23 enero 2010

Mentes Paralelas, Vidas Dispersas

Playas, Ecuador – 20 de Julio del 2007 – 12:00 a.m.

Masturbo recuerdos para regresarte a la vida. Acaricio mi imaginación deletreando una a una tus palabras, pero no consigo devolverles tu sonrisa a mis personajes. Te fuiste huyéndole al punto final. Te fuiste porque le temías al "FIN". Nada es para siempre, solo tus letras y a ellas me aferro. Espero no me abandonen y como en el inicio de un cuento todo se repite: “Érase una vez”.

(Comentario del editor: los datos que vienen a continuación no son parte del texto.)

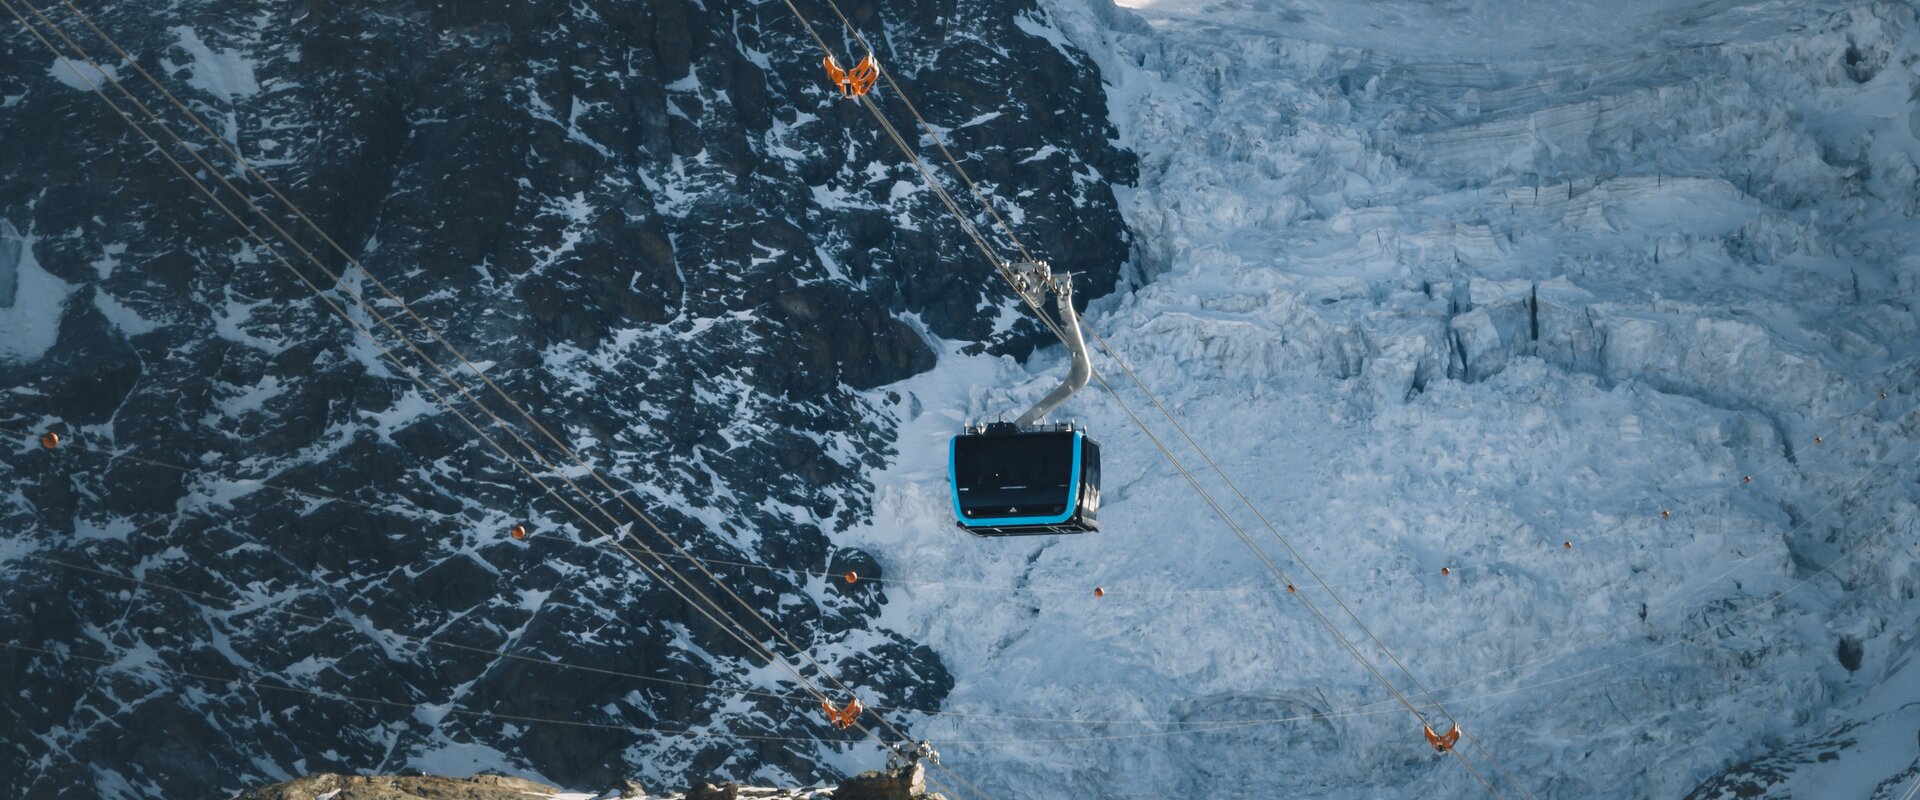 Matterhorn Glacier Ride 1 schwebt über den Theodulgletscher. Eiskluften erscheinen hinter der blauen Gondel.  | © Gabriel Perren 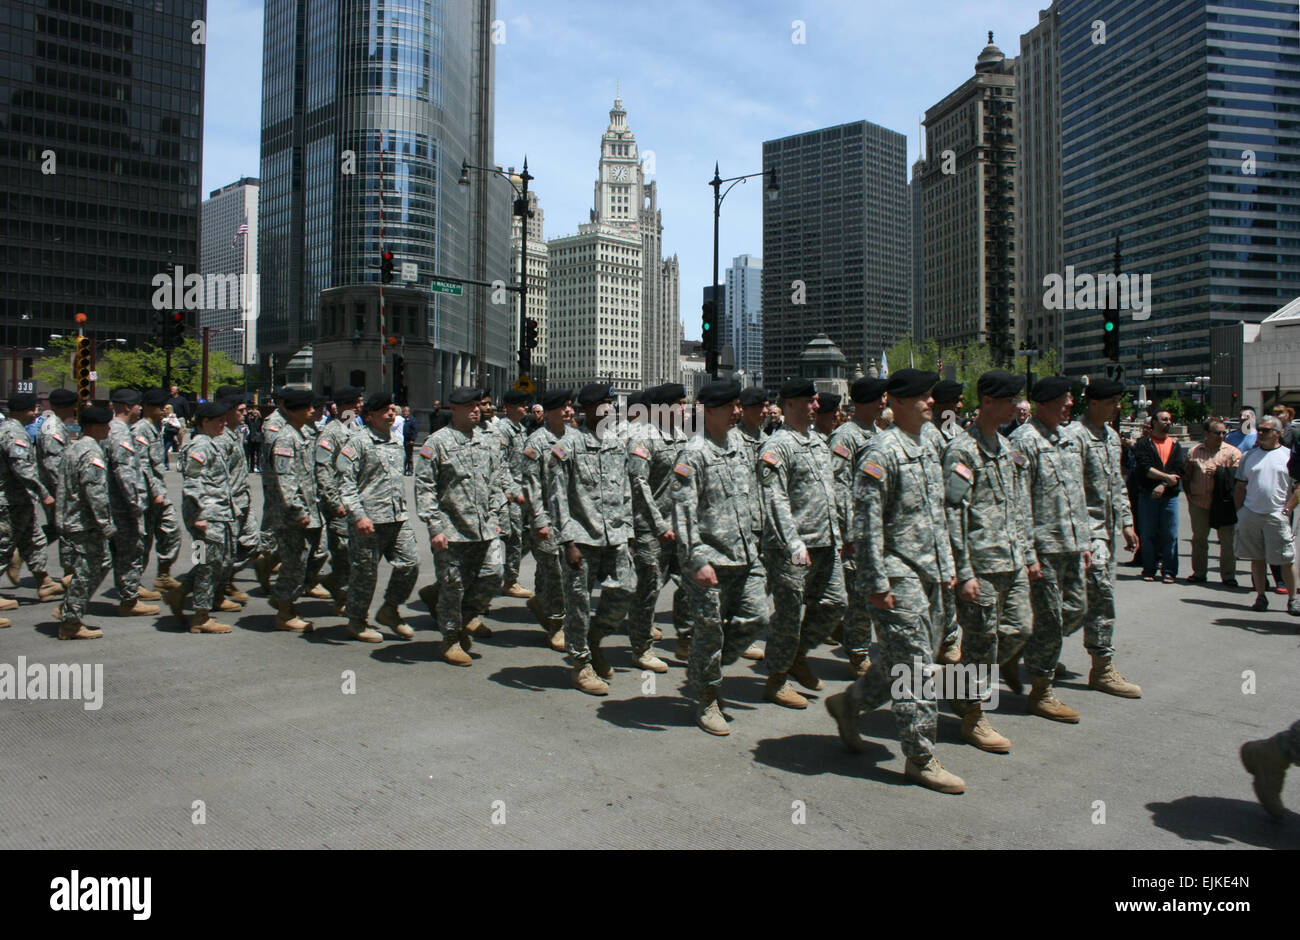 Membres de la 1ère Division d'infanterie de l'armée américaine mars dans la ville de Chicago's Memorial Day Parade le Samedi, 24 mai 2008, Chris Gray-Garcia Banque D'Images

Escribía un relato. Hice una pausa y mirando detenidamente la mancha de sangre en la pared, lo que fuese algún día un mosquito lleno de sangre. Ese punto sangriento me sirvió para recordar que había una idea que me había perforado el cerebro – y digo perforado porque desde que atravesó mi cabeza me había dejado la sensación de que un pedazo de mi mente le pertenecía a otro. Tenía la extraña sensación de vivir una vida paralela. Era como si yo misma existía en otro país, pero seguía siendo yo. Tal vez me estaba volviendo loca entre tanta literatura. Ahí entre tanta letra iba dejando un poco mi cordura. Y es que mientras me cepillaba los dientes, la pasta de dientes cayó en mis pies y al agacharme a recogerla sentí que estaba en otro lugar. Y es que en fracciones de segundo el lugar lo veía distinto, cambiaba de escenario, de olores, estaba en otra casa. ¿Me estaba volviendo loca? ¿Que me estaba sucediendo? Yo ya no era yo, o había una extensión de mí en algún otro lugar. Y ese era uno de esos pensamientos que por locos y desquiciados los dejas pasar y piensas mejor en “¿Por que será que la vecina se viste de verde limón? Si ese color es tan horrible.”
“Yo soy Lucia del Monte, una mujer anciana que tiene más años que vida y llevo muchos años escribiendo”, me repetía a mi misma como para convencerme de mi identidad. Sin embargo, me perdía de un momento a otro, me extraviaba de mi misma.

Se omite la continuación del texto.